时氪分享2026-02-02 10:35
Chengmai explores the county-level fund ecosystem model to promote the in-depth integration of industries and capital.

At the new historical juncture, the global economic landscape is being reshaped, and China is in a crucial stage of transforming old growth drivers into new ones. The grand blueprint of the 15th Five - Year Plan is gradually unfolding. Core competitiveness stems from high - level scientific and technological self - reliance and the cultivation of new - quality productive forces. Against this backdrop, the traditional path relying on land and resource expansion has shown diminishing marginal effects. The coordinated fiscal and financial approach of "precision drip - irrigation" has become a strategic necessity. Government investment funds and industrial guidance funds, as key tools to connect the government and the market, pool patient capital, and catalyze industrial transformation, their development models and operational efficiencies are directly related to the quality of regional economic transformation. However, with increasingly prudent supervision (such as the strict control of newly established county - level funds in Document No. 1 issued by the General Office of the State Council in 2025), the policy orientation has clearly shifted from the previous "capital reinvestment" - driven investment promotion to the fundamental transformation of providing "patient capital", cultivating long - term value, and building an open industrial ecosystem. As the basic unit of the national economy, how can county - level economies find their own coordinates in this transformation to drive high - quality development? What is the strategic value of county - level funds?

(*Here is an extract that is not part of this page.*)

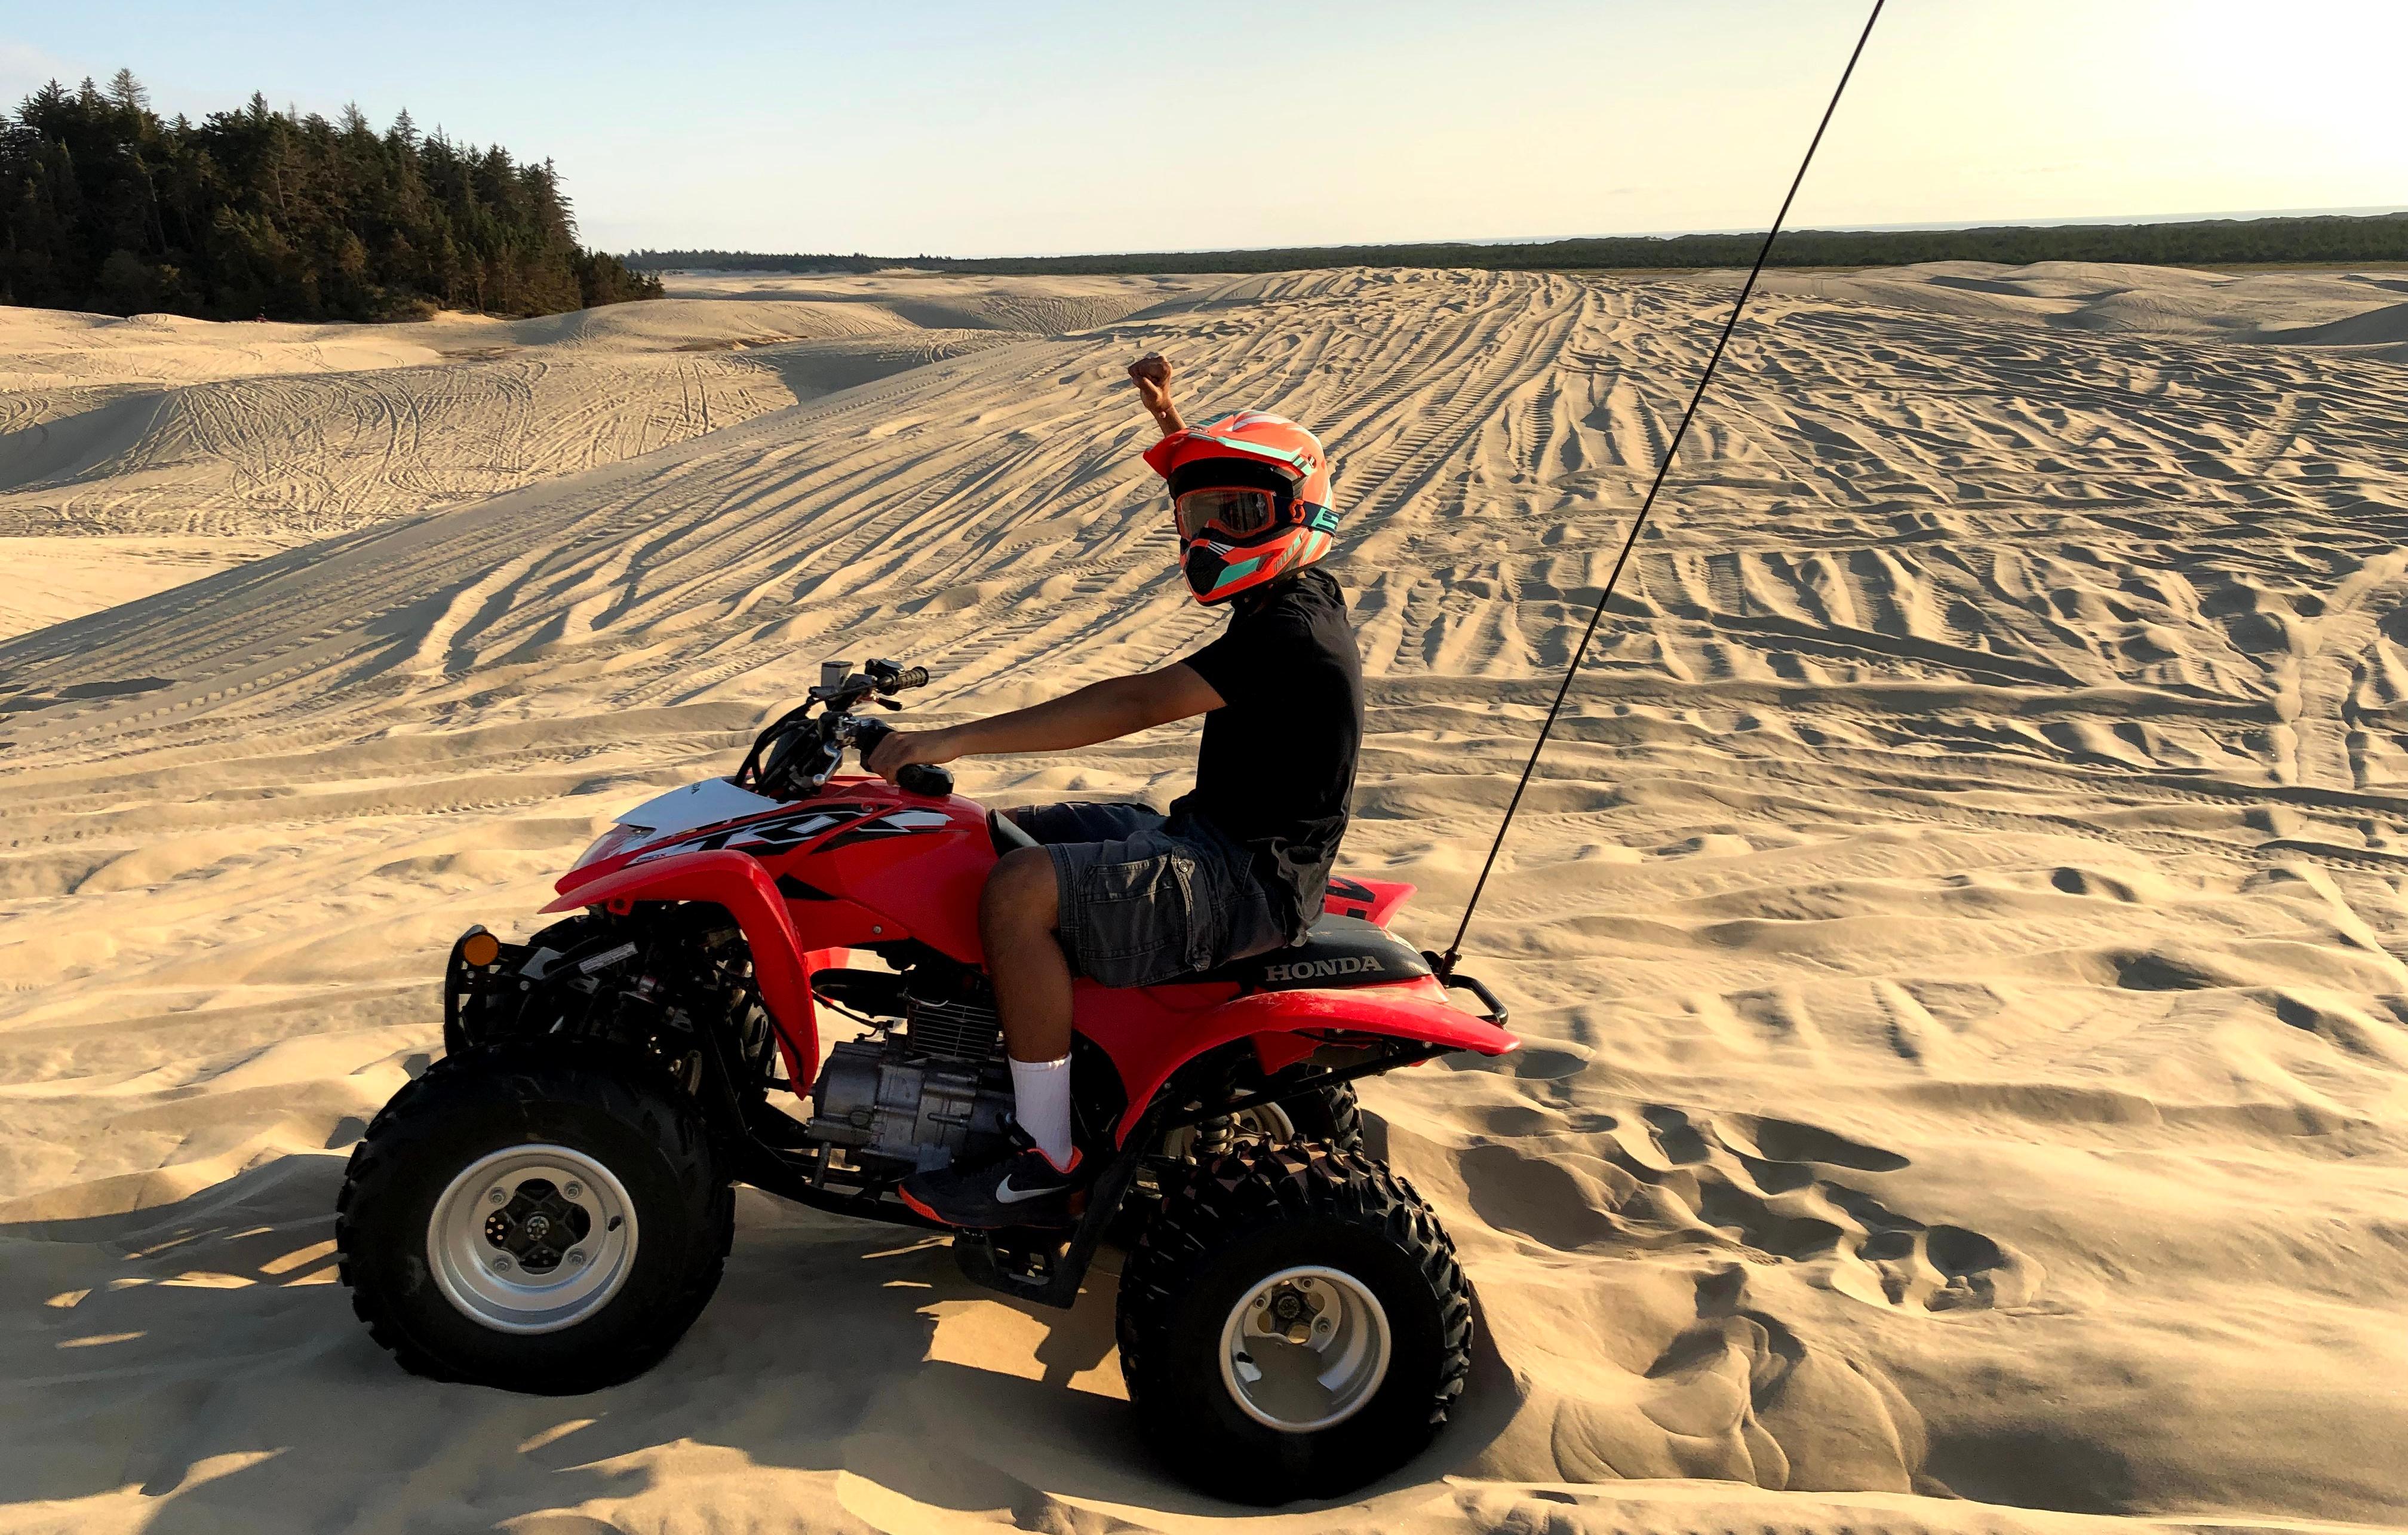 Sandboarding and Dunes Riding

Based on the initial practice in Chengmai, I believe that the core challenge of county - level funds lies in breaking out of the "fund tool theory" in terms of pattern and upgrading to the "ecosystem theory". The successful path is not to mechanically copy the models of developed regions, but to creatively build a full - chain operation framework centered on the endogenous value of industries and symbiotic networks on the basis of deeply understanding the national top - level design and drawing on the essence of the experiences of first - tier cities and advanced industrial parks, combined with local resource endowments. Chengmai's practice, especially the preliminary exploration around county - level funds, industrial cultivation, park operation, and cross - regional cooperation, lies in systematically promoting the transformation from the grass - roots permeable and passive "capital investment promotion" to the government - led top - level design and multi - party participation in "industrial ecosystem co - construction", forming a new logic for county - level industrial development with certain representativeness.

I. Evolution of the administrative field, reshaping of trends and contexts: The new - era mission of government investment funds

Under the policy keynote of strong compliance, de - leveraging, and pursuit of quality, government investment funds have entered a new stage of structural optimization and functional iteration. Their mission is shifting from "expanding scale" to "deepening industries" and from "attracting phoenixes to build nests" to "cultivating forest ecosystems". Currently, the core policy orientation has clearly targeted the cultivation of "patient capital", "long - termism", and "industrial chain resilience". County - level governments need to find a new path in this macro - context that can obtain support from superior policies (in line with stricter new regulations) and maximize local comparative advantages.

(I) The "three coordinates" of policy orientation evolution: Compliance, focus, and long - term effectiveness

Since 2025, the top - level policy framework has delineated a clearer coordinate system for the operation of government investment funds, especially county - level funds.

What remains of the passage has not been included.